Nov 26 21:56:01 monash kernel: [97526.759532] 
[UFW ALLOW] 
IN= 
OUT=eth0 
SRC=204.62.15.XXX (MY IP ADDRESS)
DST=204.62.14.YYY  (NOT MY IP ADDRESS!!)
LEN=72 TOS=0x00 
PREC=0x00 
TTL=64 
ID=58369 
DF 
PROTO=UDP 
SPT=45429 
DPT=53 
LEN=52

What does this mean? It looks like the my virtual server (204.62.15.XXX) is initiating an outgoing packet to another server in the 6sync group (204.62.14.YYY).

As a newbie I am probably reading this wrong?? Could anyone point me to a good read on understanding iptable/ufw logs?

I use dyn.com for name resolution not 6sync. The destination port is 53 (DNS).

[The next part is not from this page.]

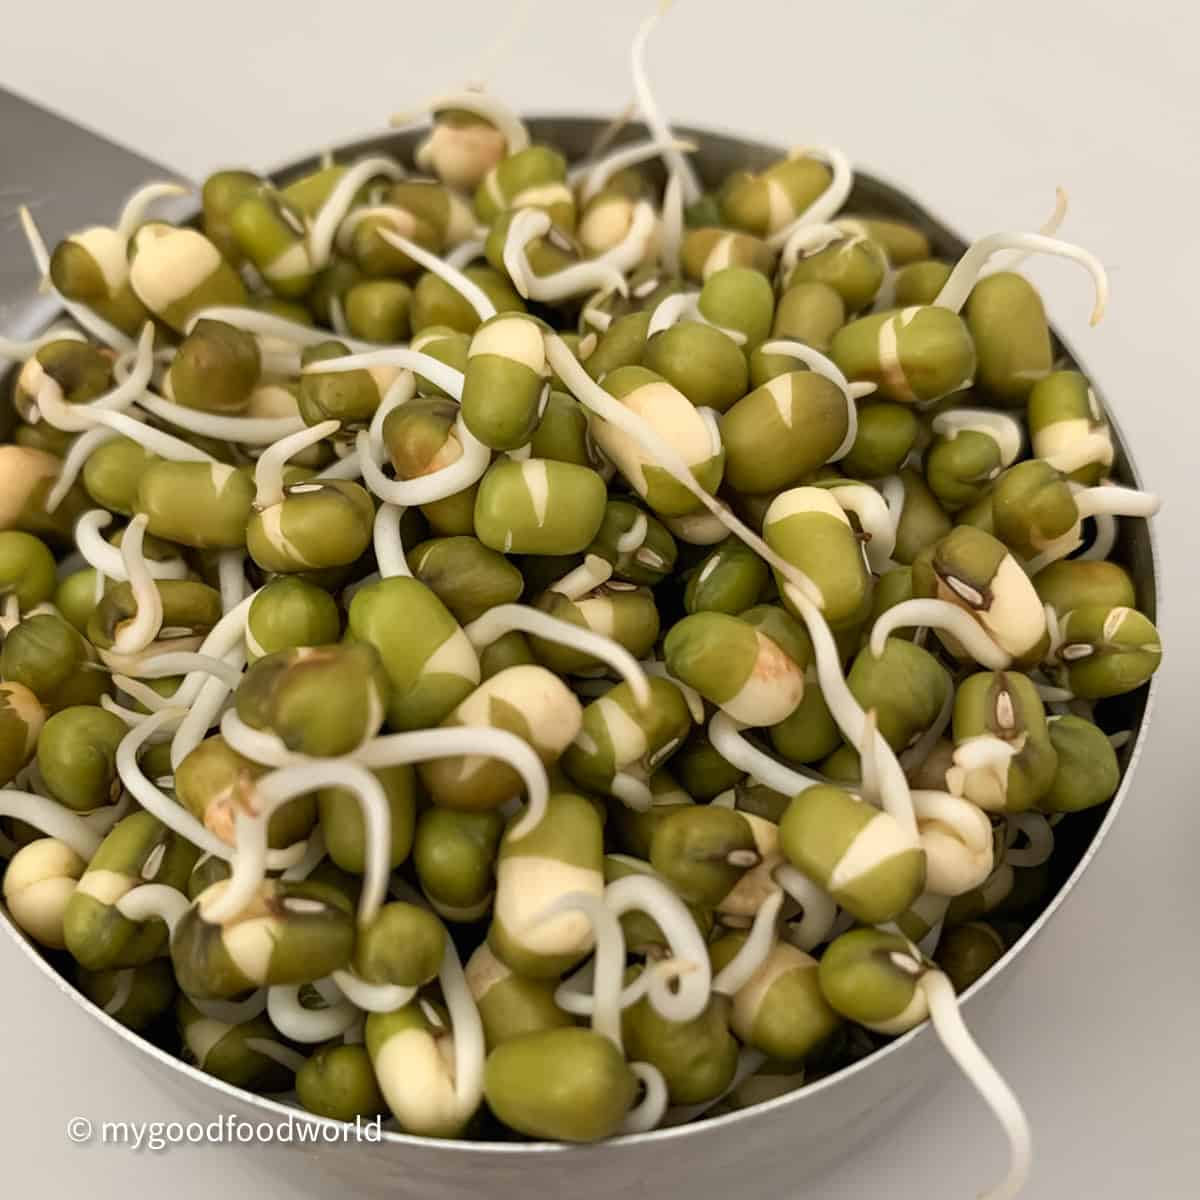 Green gram sprouts are placed in a stainless steel measuring cup which is placed on a light-colored background.

Is the above a legitimate transaction for a server locked down with only an ssh port open and public/private keys used to login?

[JKyleOKC]

It looks as if your virtual server is sending a packet out to another address, and receiving a multicast reply that is being blocked and logged. This may be related to your use of dyn.dns; all of the dynamic dns services presumably must maintain a dialog with your machine in order to detect any change of its IP address and correct their own tables. I use a different service myself so cannot say for sure how dyn.dns handles things, but a multicast response seems reasonable.

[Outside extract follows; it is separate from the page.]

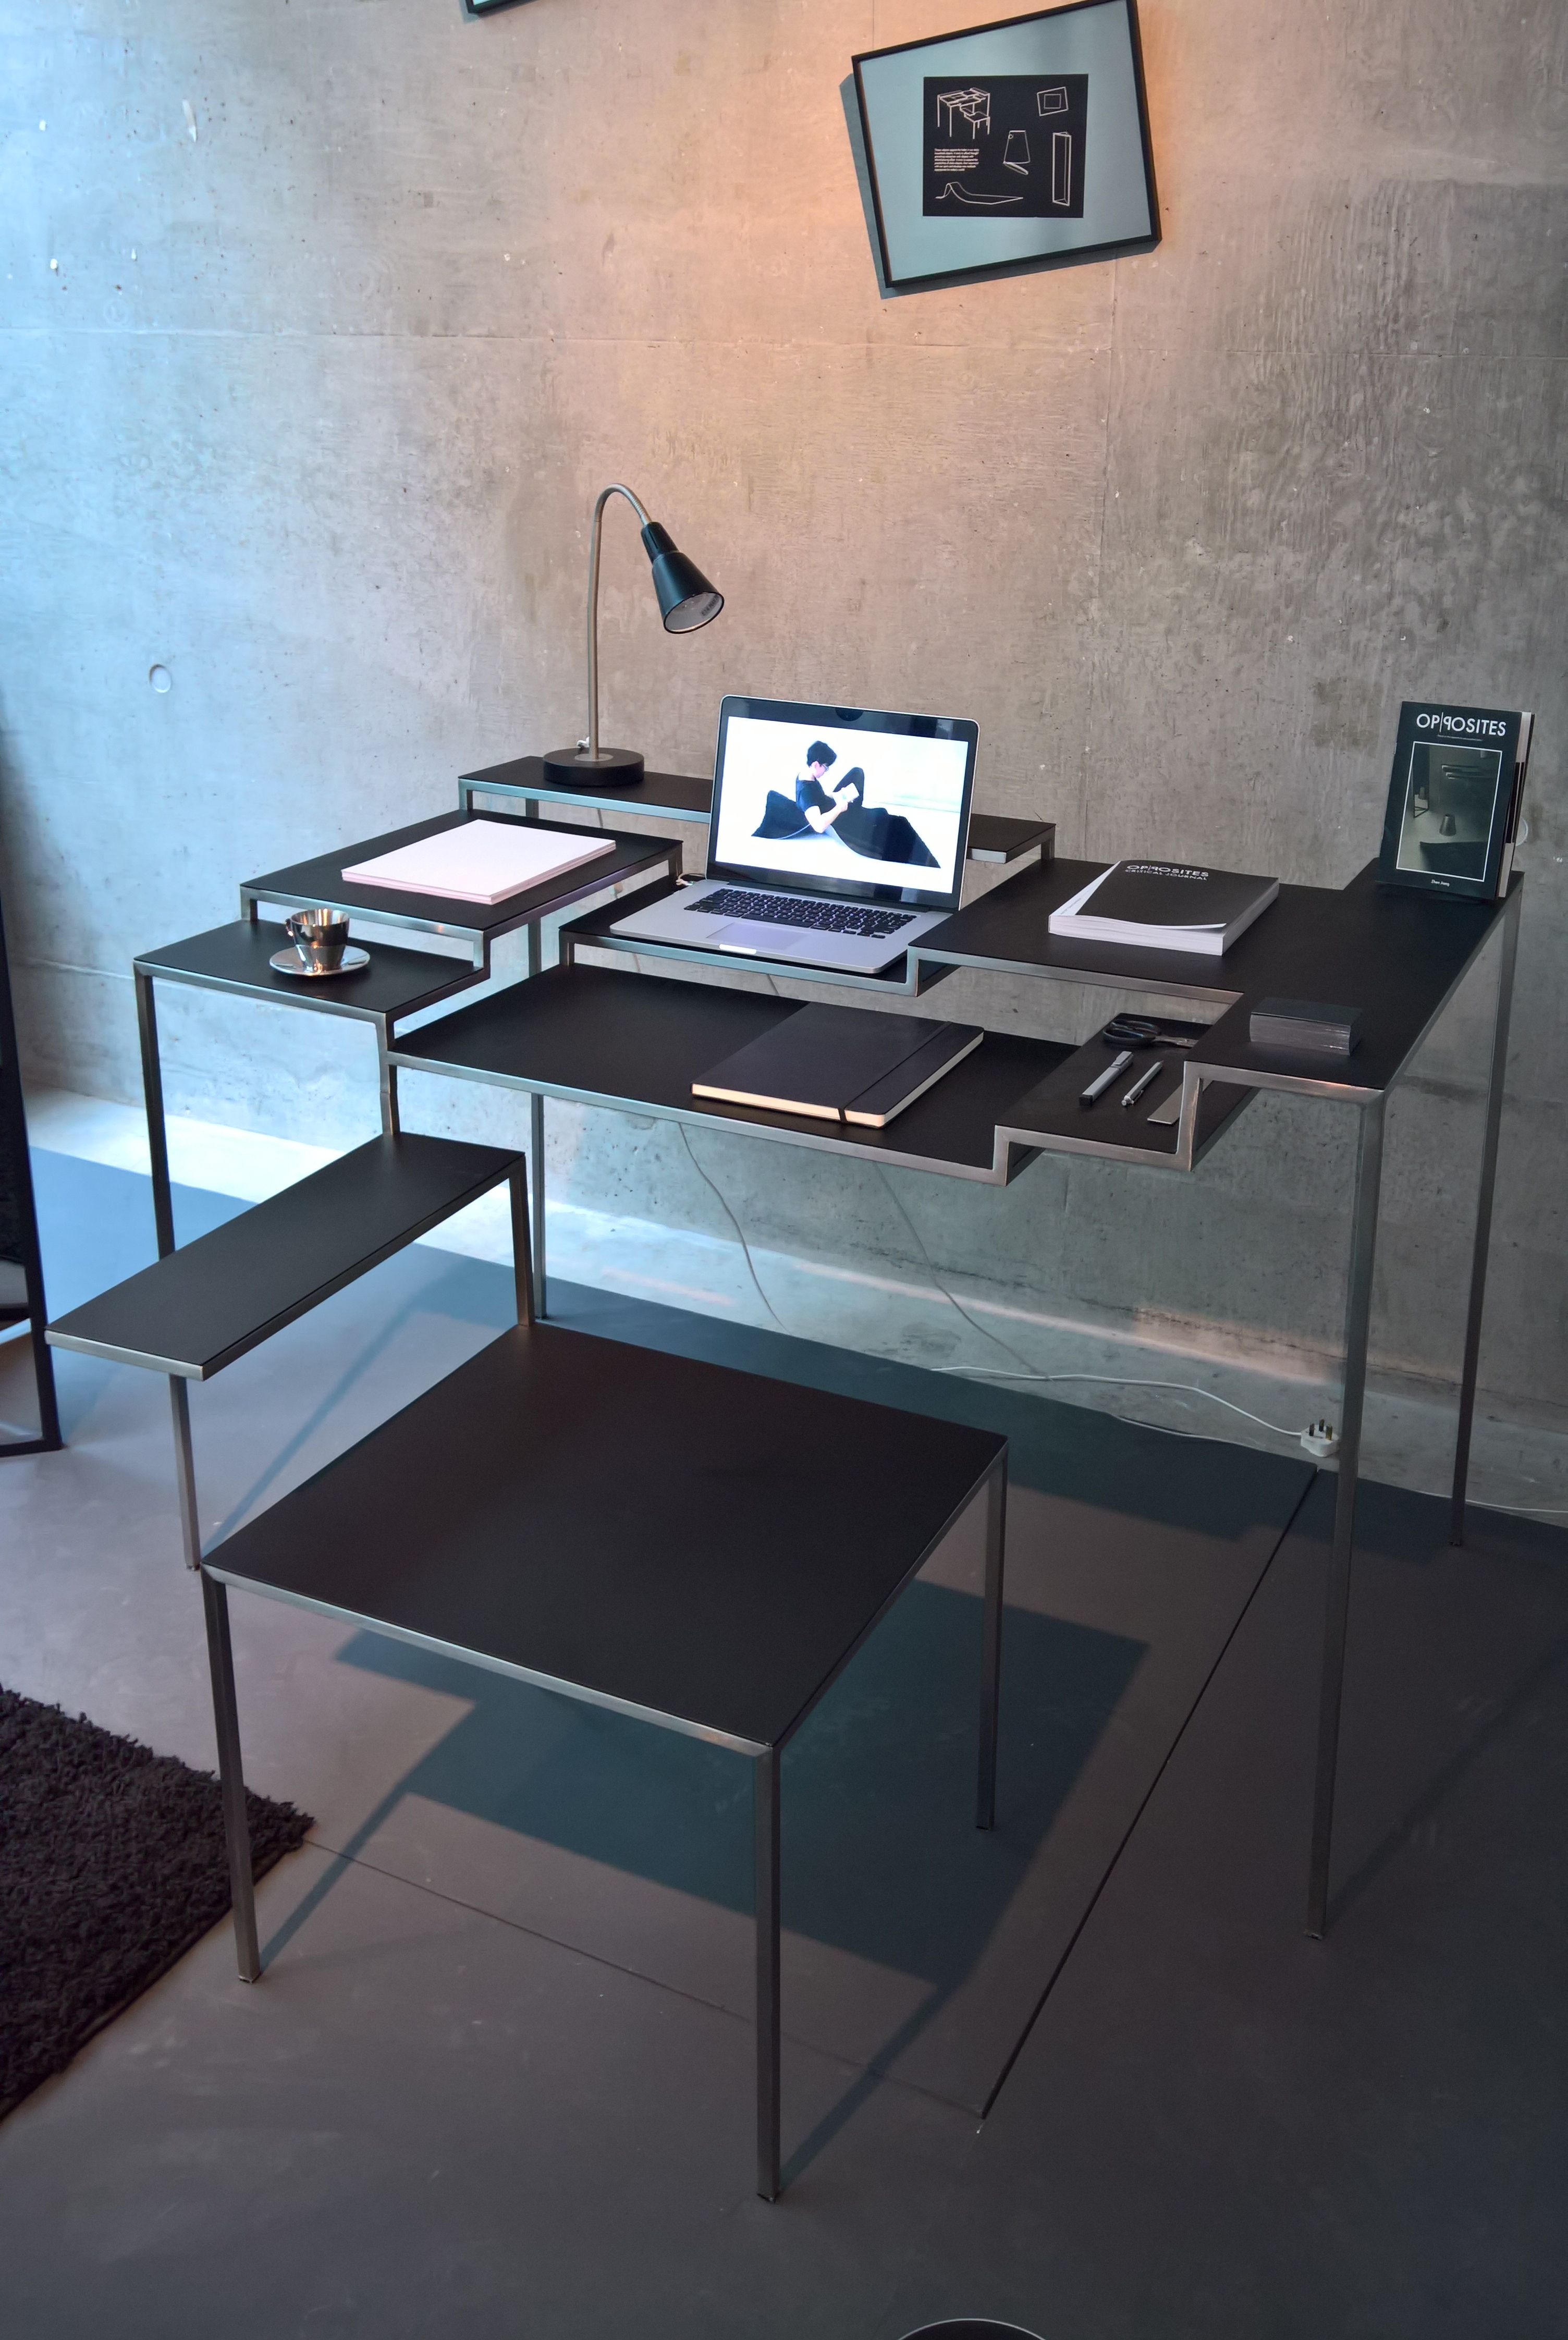 Opposites Desk by Zhen Jiang, as seen at Central St Martins, London Degree Show 2017

The only way I know to tell for sure what is going on is to run "wireshark" on your system and examine the actual packets. The wireshark program can interpret packet contents for you and make things quite a bit more clear. It's in the repositories...

[Doug S]

It looks as though your 224.0.0.1 log entiers are because the UFW iptable rule blocked the packet, so I think that is doing what you want (and, sorry I perhaps added confusion yesterday, by not reading your original post thoroughly). It lookas though the packets are incoming, perhaps somehow related to your hosting service.
Yes it does look as though your server is doing a DNS inquiry to 6 sync.
There is a very good thread that Dangertux wrote here: http://ubuntuforums.org/showthread.php?t=1876124
There are also some good references at the end of the DNS chapter in the Ubuntu server guide. (I prefer the PDF version)
Oh, I see a reply from JKyleOKC was added. And yes, I agree it is proably time to use wireshark to gain further insight.

[histographik]

Many thanks for the answers Doug S & JKyleOKC. Will investigate wireshark. The links were very helpful. I see light at the end of the tunnel...

[The Cog]

If you can't get wireshark to work (no reason why you shouldn't, except that it needs root privileges to perform packet capture) the tcpdump will work.
Like this:

Code:

tcpdump -p -w capture.cap host 224.0.0.1

Your first post says that the log says PROTO=2. Protocol 2 is IGMP - Internet Group Management Protocol. My guess is that it's the local router asking if there are any hosts interested in receiving multicasts - nothing to worry about. Tcpdump (without the -w option) will possibly print enough to tell you. Failing that, opening the capture file in wireshark will tell you.